Reputation: 582
Using OpenCSV to parse UTF-8 documents without BOM results in the first column not read. Giving as an input the same document content but encoded in UTF-8 with BOM works correctly.
I set specifically the charset to UTF-8
fileInputStream = new FileInputStream(file);
inputStreamReader = new InputStreamReader(fileInputStream, StandardCharsets.UTF_8);
reader = new BufferedReader(inputStreamReader);
HeaderColumnNameMappingStrategy<Bean> ms = new HeaderColumnNameMappingStrategy<Bean>();
ms.setType(Bean.class);
CsvToBean<Bean> csvToBean = new CsvToBeanBuilder<Bean>(reader).withType(Bean.class).withMappingStrategy(ms)
.withSeparator(';').build();
csvToBean.parse();
I've created a sample project where the issue can be reproduced: https://github.com/dajoropo/csv2beanSample
Running the Unit Test you can see how the UTF-8 file without BOM fails and with BOM works correctly.
The error comes in the second assertion, because the first column in not read. Result it:
[Bean [a=null, b=second, c=third]]
Any hint?
Upvotes: 4
Views: 9382
Reputation: 2210
If I open Bean
class in you project and search for "B" then I can find one entry. If I search for "A" then I cannot :) It means you copy/pasted A with BOM header to Bean
class. BOM header is not visible but still taken into account.
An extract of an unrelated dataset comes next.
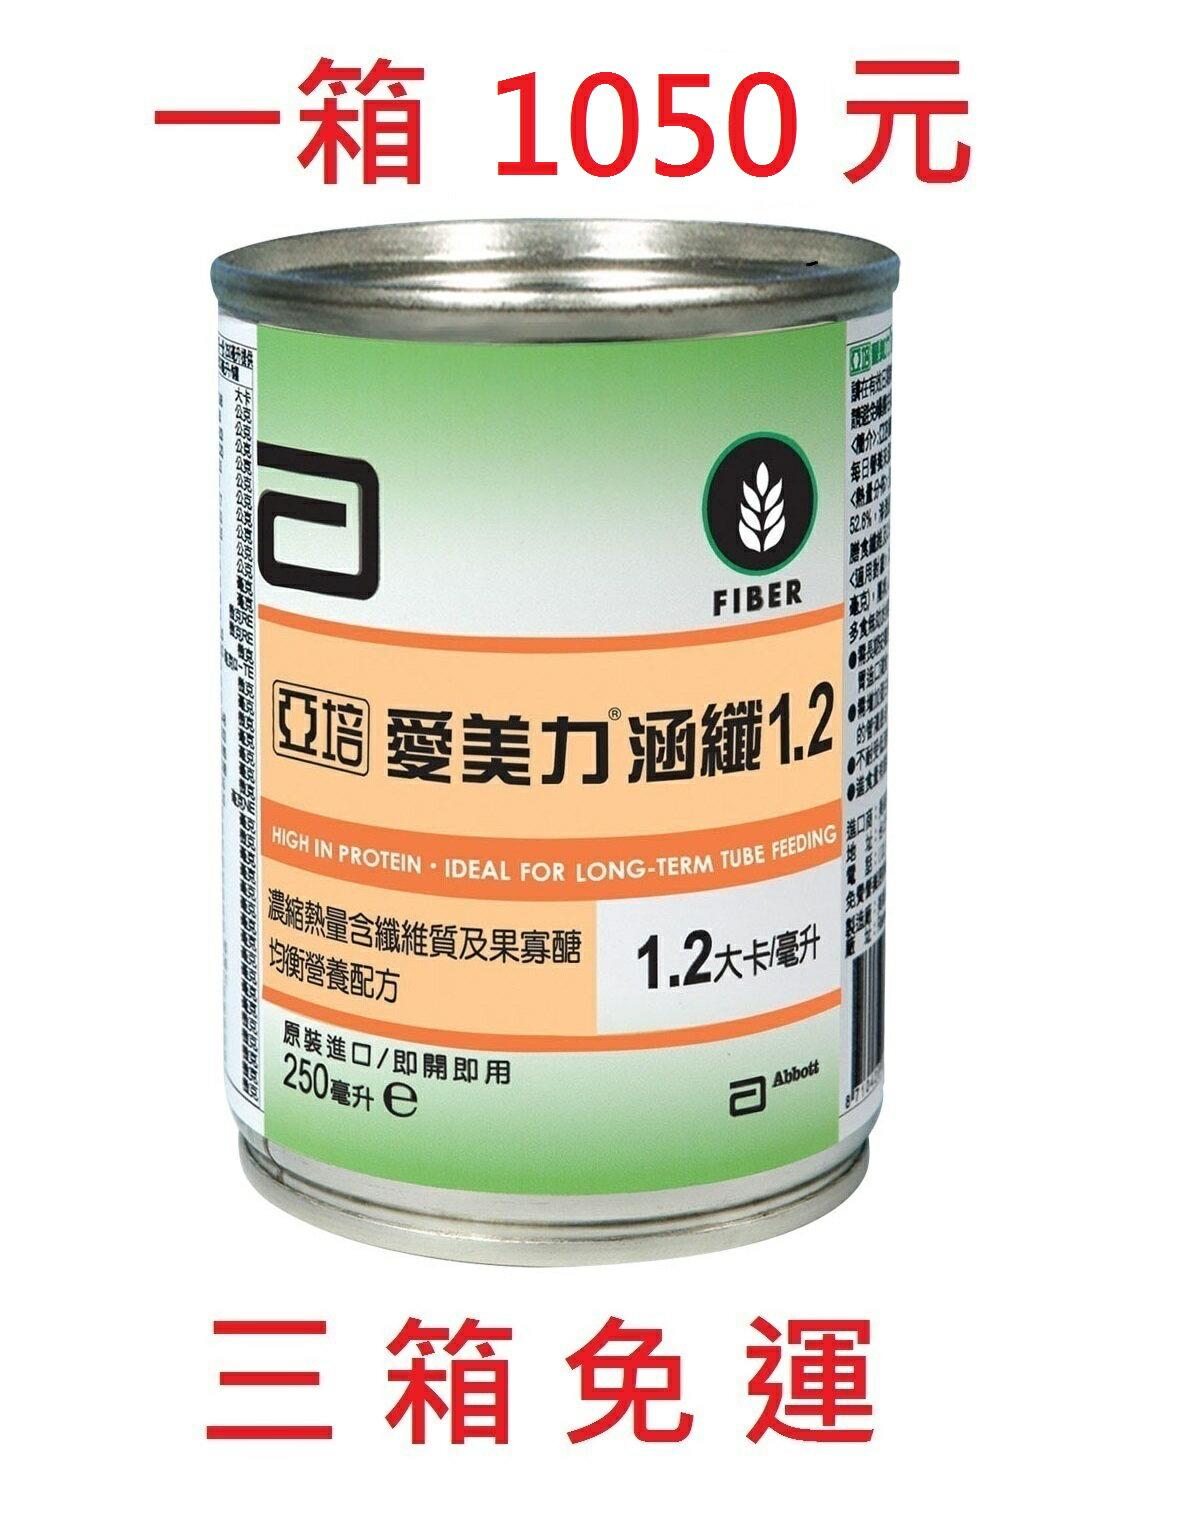 亞培愛美力涵纖1.2 重量:250ml 一箱24瓶,三箱免運(三箱購買區) 保健食品 保健飲品

If I fix "A" then another test starts failing but I think you can fix it using BOMInputStream
.
Check this question and answer Byte order mark screws up file reading in Java
It is known problem. You can use Apache Commons IO's BOMInputStream
to solve it.
Just tried
<dependency>
<groupId>commons-io</groupId>
<artifactId>commons-io</artifactId>
<version>2.6</version>
</dependency>
and
inputStreamReader = new InputStreamReader(new BOMInputStream(fileInputStream), StandardCharsets.UTF_8);
and fixing
@CsvBindByName(column = "A")
private String a;
to exclude prefix from "A" makes both tests passing
Upvotes: 8